REDIS=/usr/bin/redis-server
CONFIG=/etc/redis.conf
LOCKFILE=/var/lock/subsys/redis

[ -f /etc/sysconfig/redis ] && . /etc/sysconfig/redis

start() {
        if [ -x $REDIS ] ; then
                if [ -f $CONFIG ] ; then
                        echo -n $"Starting RedisDB: "
                        daemon $REDIS $CONFIG
                        RETVAL=$?
                        echo
                        [ $RETVAL -eq 0 ] && touch $LOCKFILE
                        return $RETVAL
                else
                        echo -n $"Cannot find RedisDB configuration at $CONFIG."
                fi
                else -n $"Cannot find RedisDB executable at $REDIS."
        fi
}

Hope this helps.

Cheers

Lukasz

On Tue, Jan 17, 2012 at 5:28 PM, Kun Xi <address@hidden> wrote:
Hello,

tl;dr: go to the end for the question, please.
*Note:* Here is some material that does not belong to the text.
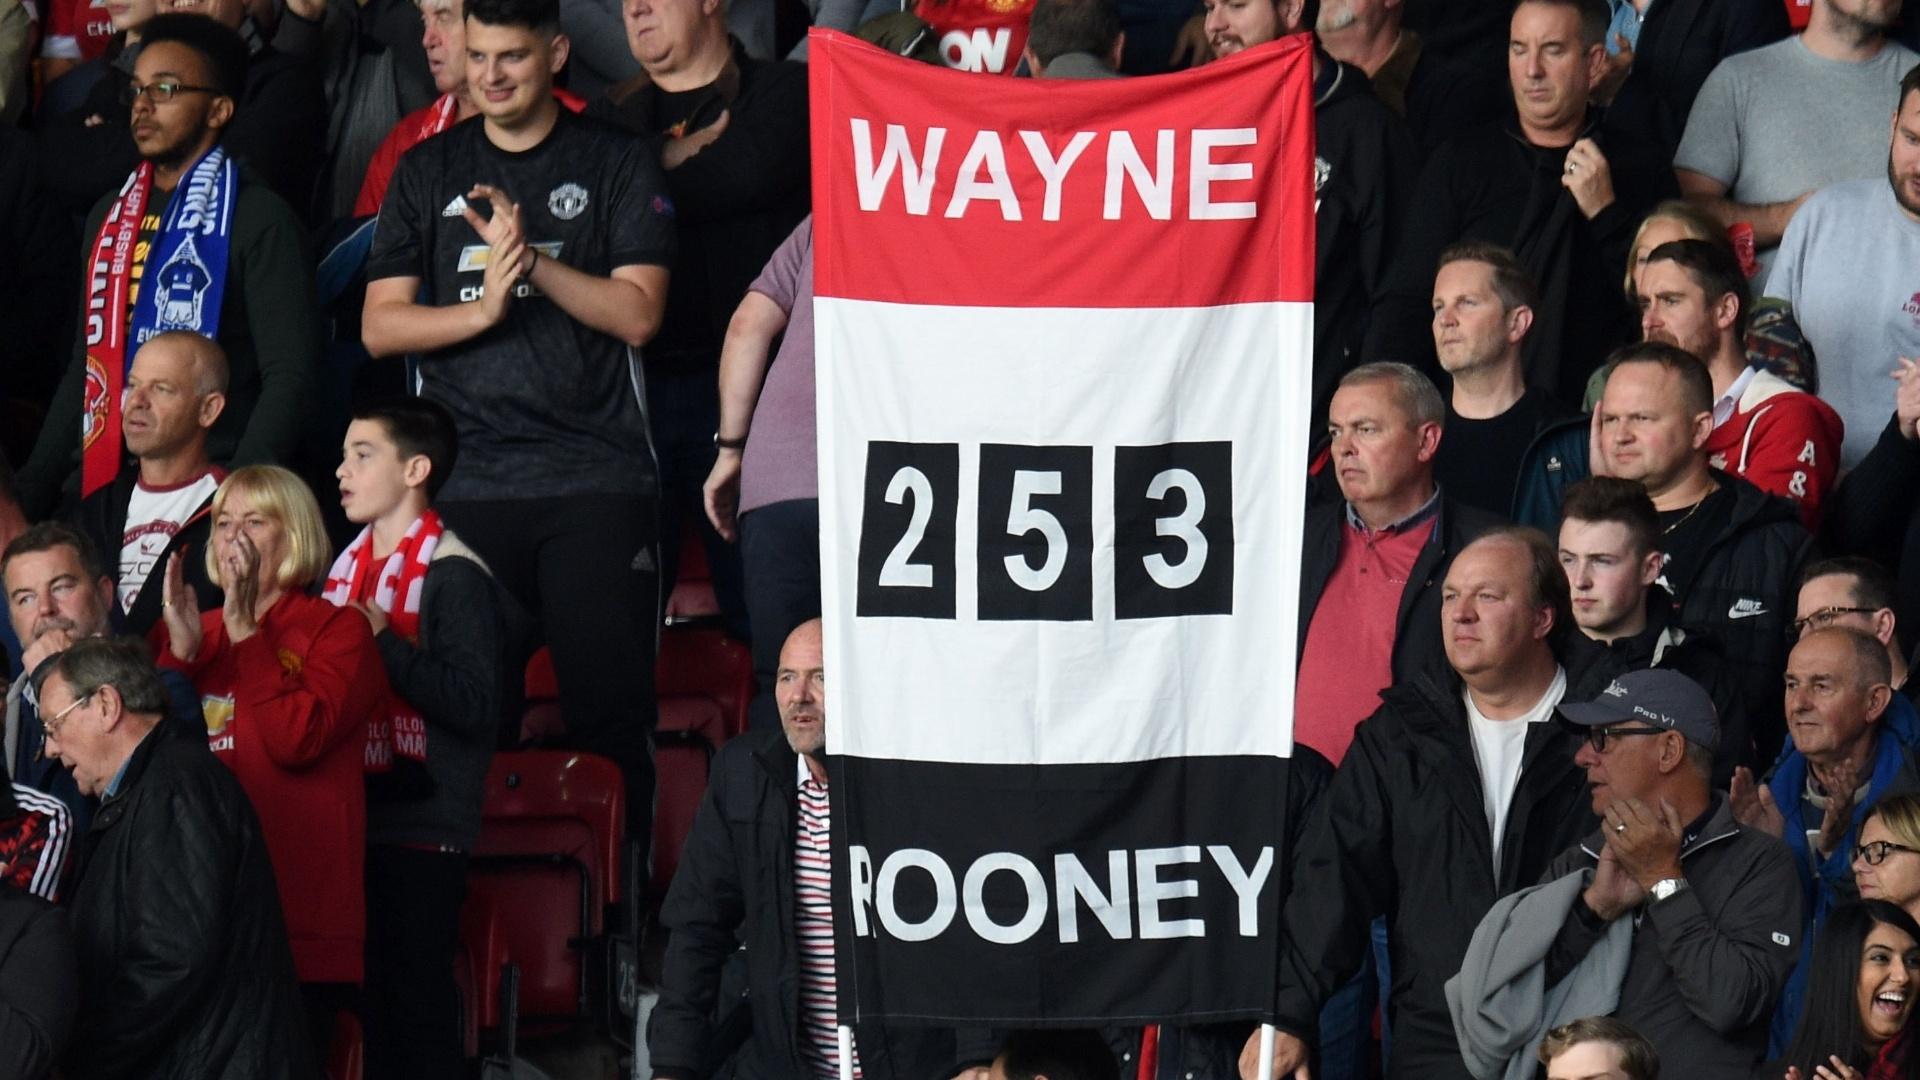 Torcida homenageia Rooney ao mostrar o número de gols que ele marcou pelo United

We are trying to use monit to start/monitor some services, and the
basic workflow is:

Start monit very early as a system-level service using init script.
In service foo init script, create a foo.conf in /etc/monit/conf.d
Reload monit
monit start foo

==== monitrc  snippet ====
set daemon 5
set logfile syslog facility log_daemon
set pidfile /tmp/monit-wfe1.pid
set idfile /var/run/monit/monit.id
set statefile /var/run/monit/monit.state
set httpd port 2812 and use the address 127.0.0.1
   allow localhost

include /etc/monit/conf.d/*
==== monitrc snippet ====

The service foo's monit config
==== conf.d/foo.conf ===

check process foo with pidfile /tmp/foo.pid
  start "/opt/bin/foo --pidfile /tmp/foo-wfe1.pid --instance-id foo-wfe1  -d"
  stop "/sbin/start-stop-daemon --stop --quiet -R 120 --oknodo
--pidfile /tmp/foo-wfe1.pid"
  if failed host 192.168.0.16 port 8086 protocol http
      and request '/ping'
      with timeout 5 seconds for 4 cycles
  then restart
==== conf.d/foo.conf ====

Here is the init script snippet to start service foo:
==== init.d/foo ====
function start() {
  monit_config # create the conf.d/foo.conf using the magic
environment variable
   /usr/sbin/monit -c $MONIT_RC reload
   while :
   do
       sleep 1
       /usr/sbin/monit -c $MONIT_RC start foo
       STATUS=`/usr/sbin/monit -c $MONIT_RC summary | sed -n
"s/Process 'foo' *\([a-z]*\)/\1/p"`
       if [ "$STATUS" = 'running' ]; then
           break
       fi
   done
   RETVAL=0
}
==== init.d/foo ====

The service foo may crash in startup due to the corrupted configure
file, incompatible environment . This approach will keep retrying it,
and to make things worse, monit does not handle the process crash very
well, the stderr is filled with:

monit: cannot read status from the monit daemon

QUESTION:
Any way to detect the process died in the startup in monit, and what
is appropriate approach for monitor to bail out in such a scenario,
for example, unmonitor and return the error status from foo?